When a grandma—a lifelong Mennonite, no less, and a former president of a Christian college—shows up at your door with a smile on her face and love in her heart, fear might diminish. That’s Shirley’s hope, at least, and she’s spent the summer months canvassing, baking cookies, meeting with neighbors she knows might disagree with her on some issues but who also don’t have the radical views espoused by some school board candidates. “People are alarmed by the extremists,” Shirley says, “but they are also not sure what’s going on with the curriculum and the libraries. They fear the loss of their own values in schools.” Having a conversation on a doorstep or over tea and cookies has helped them find common ground in “the hopes and fears of other grandmas.”
The Grandmas’ activism extends beyond canvassing and cookies, though. Shirley and her co-founders have started making media appearances and have written letters to the editor. This summer Shirley attended the Moms for Liberty national convention in Philadelphia and wrote about her experience for WHYY (NPR’s Philadelphia affiliate). The Grandmas are also asking about and learning from the conflict-free candidates’ forum held last April in Newberg, where several hundred people showed up in a college classroom to hear ten school board candidates speak about their visions for local schools.
Sharing resources, despite the 3000 miles between us, has been one way Shirley and I are trying to create change in our communities. Extremist groups have an extraordinary reach, are well-funded, and know how to use cultural wars to stoke parents’ fear. Fostering networks focused on love and inclusion helps neutralize those who insist that fear and grievance should drive our public school system.
In Newberg, at least, love won out over fear. A new school board election in May removed five of the seven far-right candidates, which might have restored some order to the district. But the work is not done here, nor will it be in Lititz should the Grandmas for Love efforts pay off. School board battles in our communities have exposed deep currents of discrimination that run beneath our carefully-cultivated neighborhoods, unearthing racism and homophobia that many insist no longer exists in America. Ultimately, the divisions created by school board elections across the country have revealed that these divisions were already present. Continuing to work together will be crucial, and not just in Newberg and Lititz, if we are to undo a 400-year history of oppression in a country founded on a principle of liberty for all.
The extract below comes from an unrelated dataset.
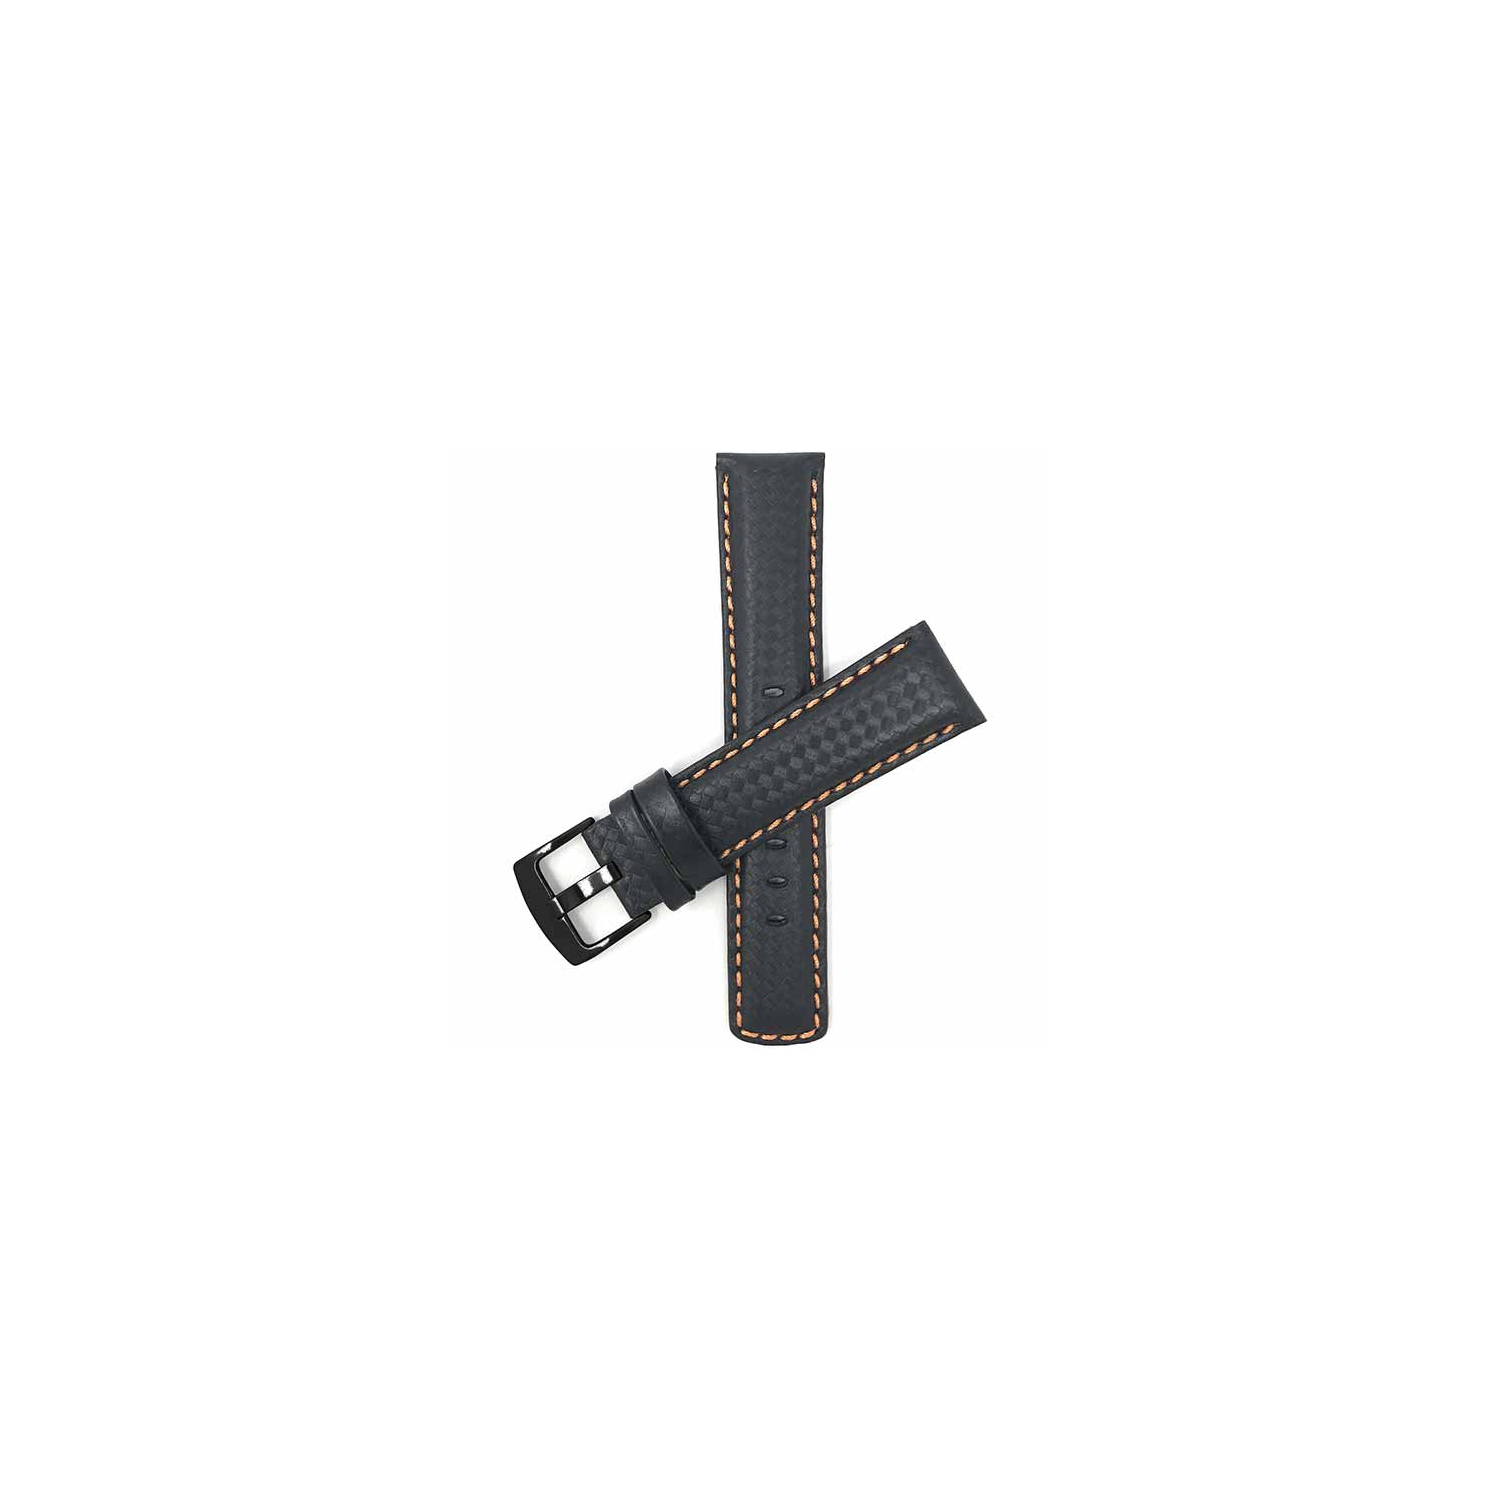 Bandini Mens Leather Carbon Fiber Pattern Smart Watch Band Strap For Michael Kors MKGO - 20mm, Black / Orange / Black Buckle

Our communities’ school board rancor is a stark reminder that liberty remains elusive. Until perfect love drives out fear—in our schools, communities, and our own hearts—nobody is truly free.
Melanie Springer Mock is Professor of English at George Fox University. Her books include Finding Our Way Forward: When the Children We Love Become Adults (2023), Worthy: Finding Yourself in a World Expecting Someone Else (2018), and If Eve Only Knew: Freeing Yourself from Biblical Womanhood to Become Who God Expected You to Be (2015). Her essays have appeared in Christian Feminism Today, Literary Mama, The Chronicle of Higher Education, Brain, Child, and Runner’s World, among other places. Much of her work focuses on her experiences parenting, feminism within Christian context, and social justice.